Handbook for a Statistics Project
David W. Stockburger
WRITING THE RESULTS
This handbook is not intended for the researcher who wishes to publish original research in the professional journals; that requires too much attention to detail for the introductory statistics student. This section will present an overall structure which may be useful to the student in presenting quantitative information to others. An attempt will be made to be compatible with the style required in professional journals, theses, or dissertations. This chapter, however, will not be adequate for such a presentation. The interested reader may find the details of such a writing style in the APA Publication Manual (1974).

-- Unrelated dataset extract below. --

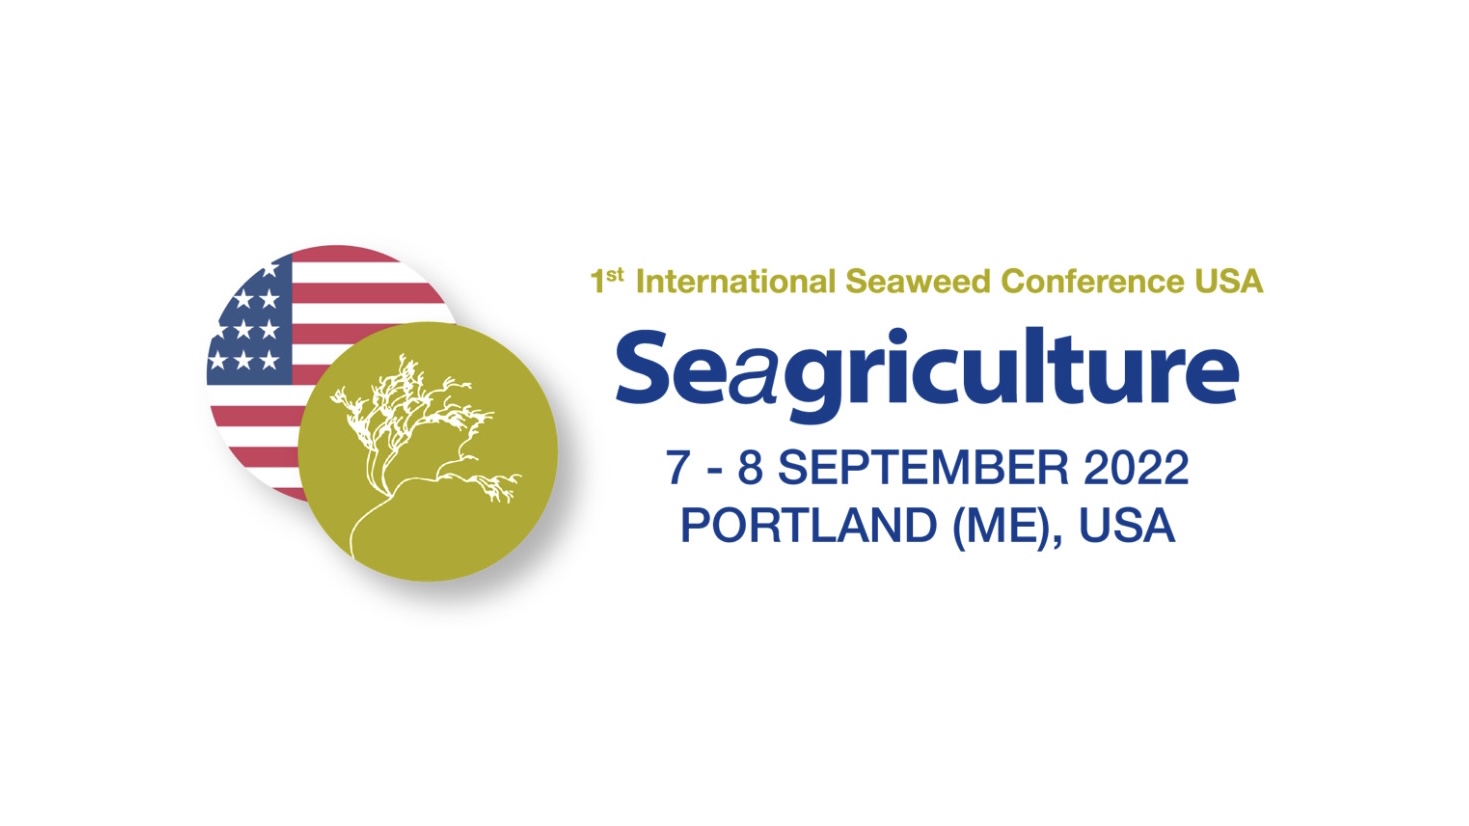 Seagriculture USA 2022 – 1st International Seaweed Conference USA, Portland, Maine, United States

Most research papers in psychology contain four major sections: Introduction, Methods, Results, and Discussion. Each major section begins on a new page, and except for the introduction, is titled by centering and capitalizing all letters in the heading.
INTRODUCTION
The introduction provides the reader with a general frame of reference and structure for the rest of the paper. The first paragraph should introduce the central theme and state why you think it is important to study the topic. Following this, any past research should be cited which is relevant to the present study. Results of cited studies should be summarized and the relationship to the present study should be described.
The next paragraphs elaborate on the central theme. That is, they describe the manner in which you approached the problem. Is your project an extension of previous studies? If so, how is it similar? different? If not, what kind of variables have you selected in relation to the central theme. In either case the reason why the particular variables were selected should be explained to the reader.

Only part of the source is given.